Blockchain latest news: a state-owned quantum computer could break blockchains in as little as three years

John Leonard
clock • 1 hour 17 min read

Whichever government first produces a working device that can crack public key encryption will be 'master of the world'

19/10/2018 UK leads the way in blockchain deployments for supply chain, finds Capgemini

A survey by consultancy Capgemini of 450 organisations implementing blockchain in their supply chain has found that only three per cent have so far taken initial experiments into production at scale.

The respondents, drawn from the consumer products, retail and manufacturing sectors, said that establishing return on investment was the biggest challenge to ramping up their deployments, with compatibility with existing legacy infrastructure cited as another barrier.

Across the sample, three per cent were deploying blockchain solutions at scale, 10 per cent had pilot projects in place, while 87 per cent were still at early stages of experimentation with the technology.

The main drivers for the experiments were found to be cost saving (89 per cent), enhanced traceability (81 per cent) and enhanced transparency (79 per cent), although these varied widely from sector to sector.

While adoption and the technology itself are at an early stage, the Capgemini report identifies a number of current use cases, ranging from low complexity / high adoption scenarios such as the prevention of counterfeits and tracking asset maintenance, to more ambitious but complex uses including loyalty programs, contract labour procurement and regulatory compliance.

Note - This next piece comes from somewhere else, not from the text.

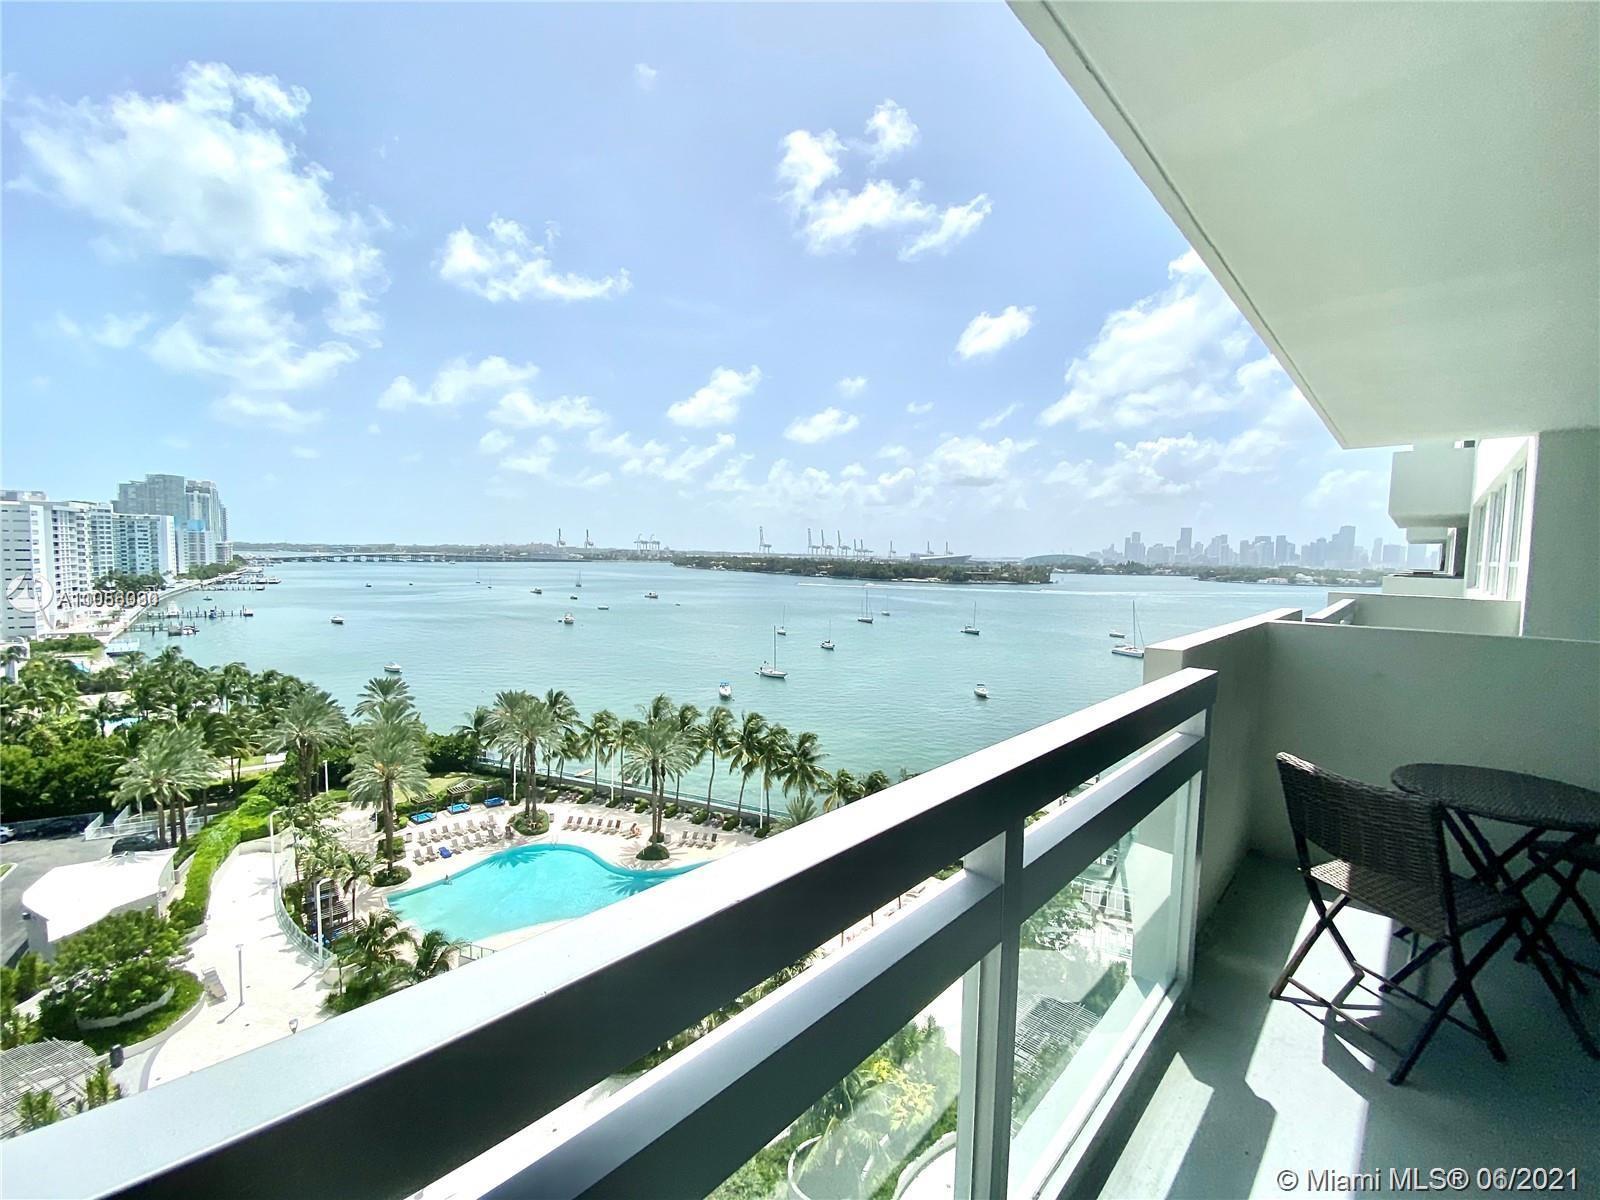 Flamingo South Beach #1226 - 1500 Bay Rd #1226, Miami, FL 33139
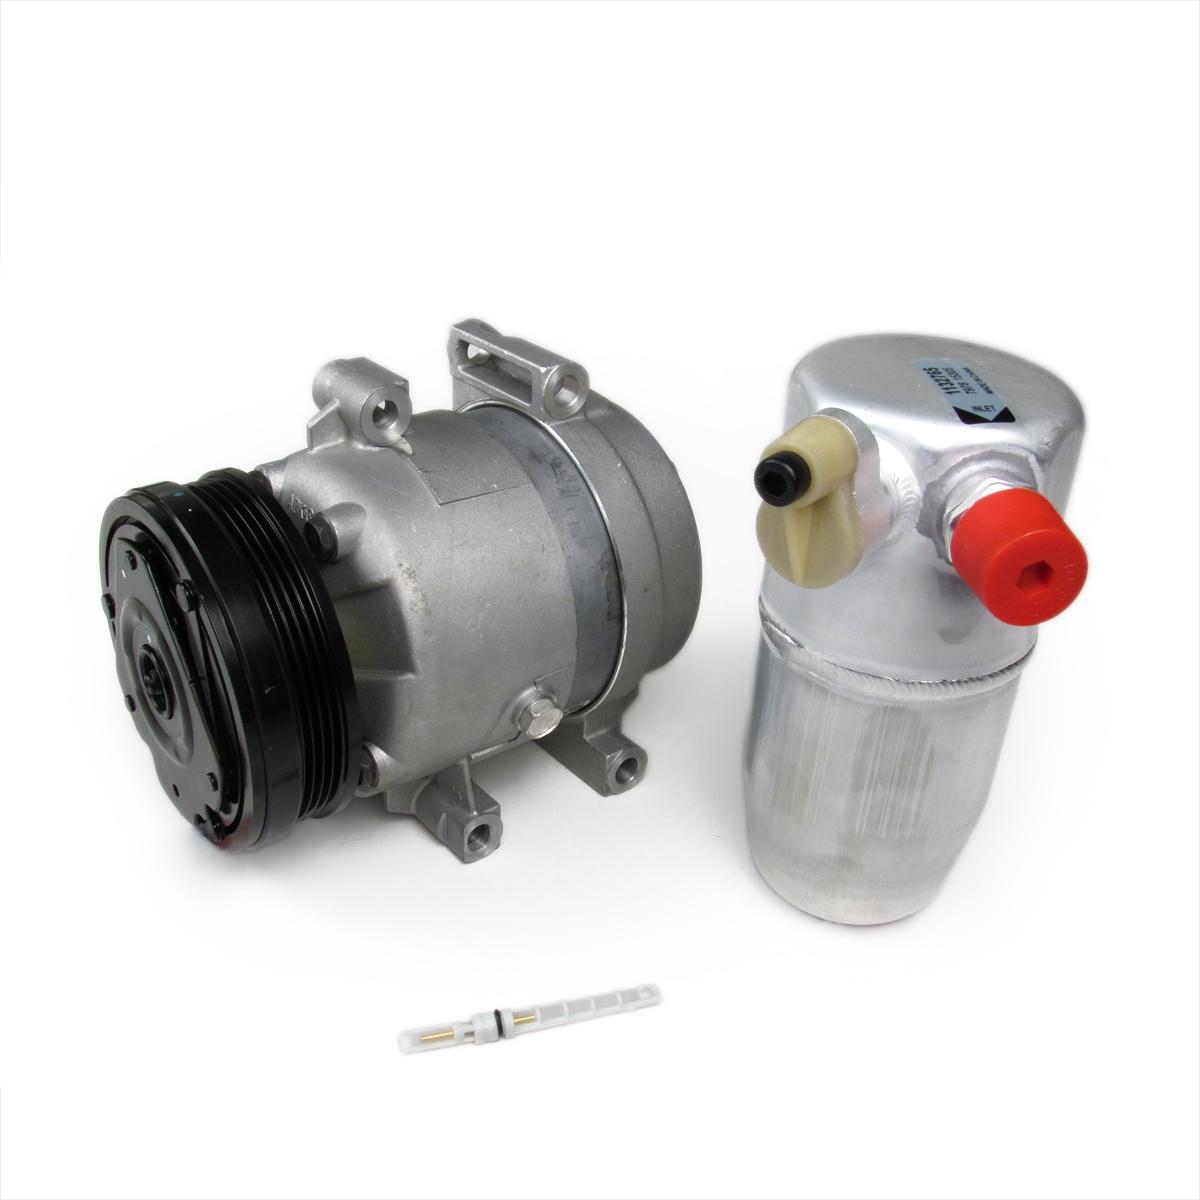 Ac Auto Parts >> Ac Compressor Accumulator And Orifice Tube Gm Part Nos 89018958 1132765 3033879 15 20746 1520746 01137031

The UK (22 per cent) currently leads the way with production and pilot implementations of blockchain projects in the supply chain, while the USA (18 per cent) leads in terms of funding blockchain initiatives.

In the UK specifically, the consumer products vertical is the biggest adopter among those surveyed, followed by manufacturing and then retail. However, globally manufacturing  is in the lead.

Sudhir Pai, CTO financial services at Capgemini commented: "There are some really exciting use cases in the marketplace that are showing the benefits of blockchain for improving the supply chain, but blockchain is not a silver bullet solution for an organisation's supply chain challenges."

Pai continued: "Blockchain's ROI has not yet been quantified, and business models and processes will need to be redesigned for its adoption. Effective partnerships are needed across the supply chain to build an ecosystem-based blockchain strategy, integrated with broader technology deployments, to ensure that it can realise its potential."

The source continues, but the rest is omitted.